Through the deep MGI sequencing of the genomic DNA, extracted from the clinical specimens, we achieved a high sequencing depth for all sites across the genome, with a mean depth of 6656 (coverage > 99%). Minor iSNVs were called by setting the threshold for minor allele frequency at 1% to exclude potential sequencing errors and minimize false discovery rates. The viral populations revealed a low frequency (<25%) cloud of iSNVs detectable across the entire genome. The minor iSNVs were distributed evenly on the genome, and marginally higher mutation frequencies were observed at the 5'-end than in the rest of the genome. Moreover, mutation preference across the genome was explored. To be specific, no obvious mutation preference could be observed when we calculated the mutations from a certain base to the other three bases (Figure 5A).
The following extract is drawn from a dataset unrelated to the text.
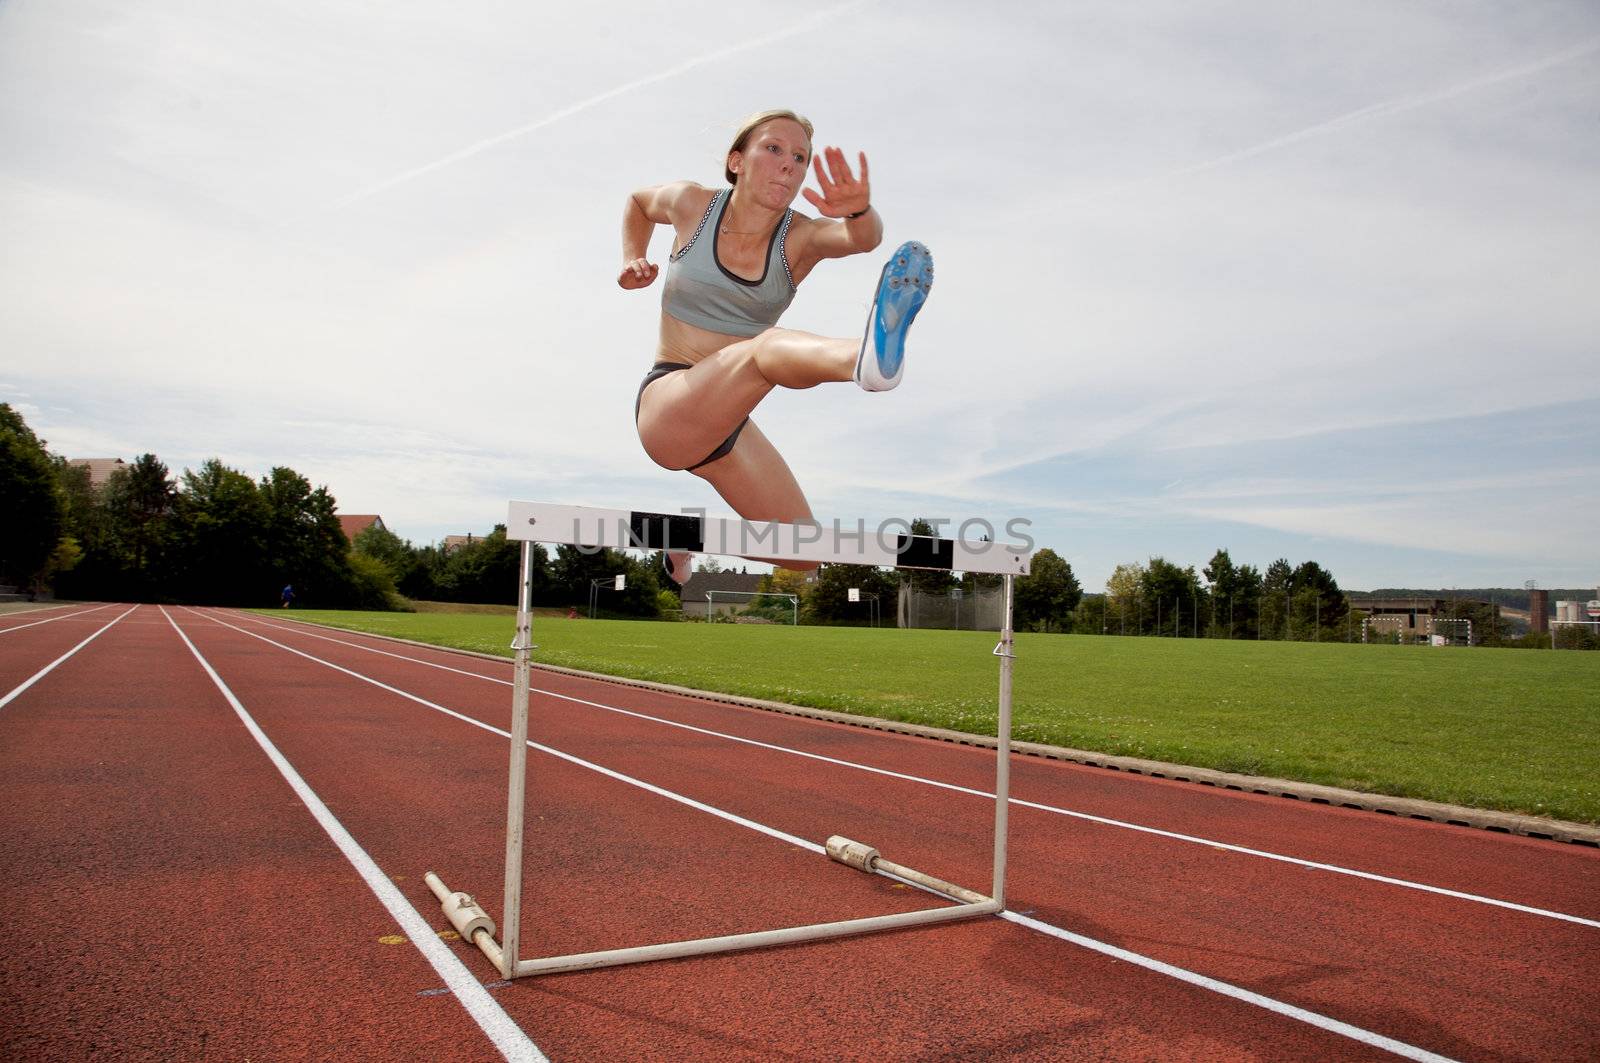 A young athlete jumping over a hurdle

On the contrary, when we calculated the mutations from the other three bases to a certain base, strong preference was found in Adenine (A) and Thymine (T) (Figure 5B). We further calculated the types of mutations in all the bases and their frequency and found that substitutions involving A and T occupied the largest proportion, reaching 28.044 and 17.343%, respectively. In addition, other mutations substituting Cytosine (C) with T or A occupied 10% above, whereas the rest of the mutations showed low mutation frequencies (Figure 5C). We further investigated the regions where the mutations were located, and 113 of the 190 iSNVs were found in the coding region (Figure 5D). Among all the genes, iSNVs were found slightly enrich in MGF 360-13La, MGF 505-7R, I96L, and MGF 360-21R. Moreover, the mutations were evenly distributed in the three positions of the codons which encode an amio acid, and the proportion of non-synonymous mutations was 76.11%, which was three times that of synonymous mutations (Figures 5E,F). More than half of the non-synonymous mutations showed a preference for lysine. Notably, 4 iSNVs of the non-synonymous mutations preferred to occur in the stop codon, which caused a frameshift mutation in the entire ORF; the four iSNVs were located in ASFV G ACD 00120, MGF 505-4R, K421R, and EP153R (Figure 5G).

Figure 5.

Figure 5

(A) The distribution and frequency of theiSNVs) that a certain base (A, T, C, G) mutate into other three bases. (B) The distribution and frequency of the iSNVs that the other three bases mutate into a certain base. (C) The percentage of different iSNVs mutation types. (D) Number of iSNVs in coding and non-coding regions. (E) Proportion of iSNVs occurring in different positions in codons across the genome. (F) Proportion of iSNVs causing non-synonymous and synonymous mutations. (G) Proportion of iSNVs that mutate into different type of amino acid. The number of iSNVs in each figure is indicated on the corresponding bar.

Discussion

ASFV has been circulating in China for 5 years. Recently, low virulent strains with mutations and indels in the genomes have been detected; these strains have varying biological characteristics (8). The identification of mutations and deletions requires a high-quality genome. However, in China, there is still a lack of high-quality genomes of the early strains to use as references when studying the long-term effects of deletions and mutations. The complete genome of ASFV is typically obtained using either Sanger sequencing or NGS (11, 31). However, genome sequences generated from either one of these technologies do not reflect the actual genomic characteristics of ASFV, which has a large and intricate genome (13). The co-employment of Nanopore sequencing and NGS is an emerging strategy that is used to acquire complex microbial genomes, which combine the advantage of long sequencing reads from Nanopore and high accuracy from NGS (32, 33). Here, we combined the data generated from the MGI sequencing platform, Nanopore platforms, and Sanger sequencing to verify and obtain a high-quality genome of the lethal ASFV isolate, ASFV_GZ201801_2, which we collected during the early phase of the ASF pandemic in China.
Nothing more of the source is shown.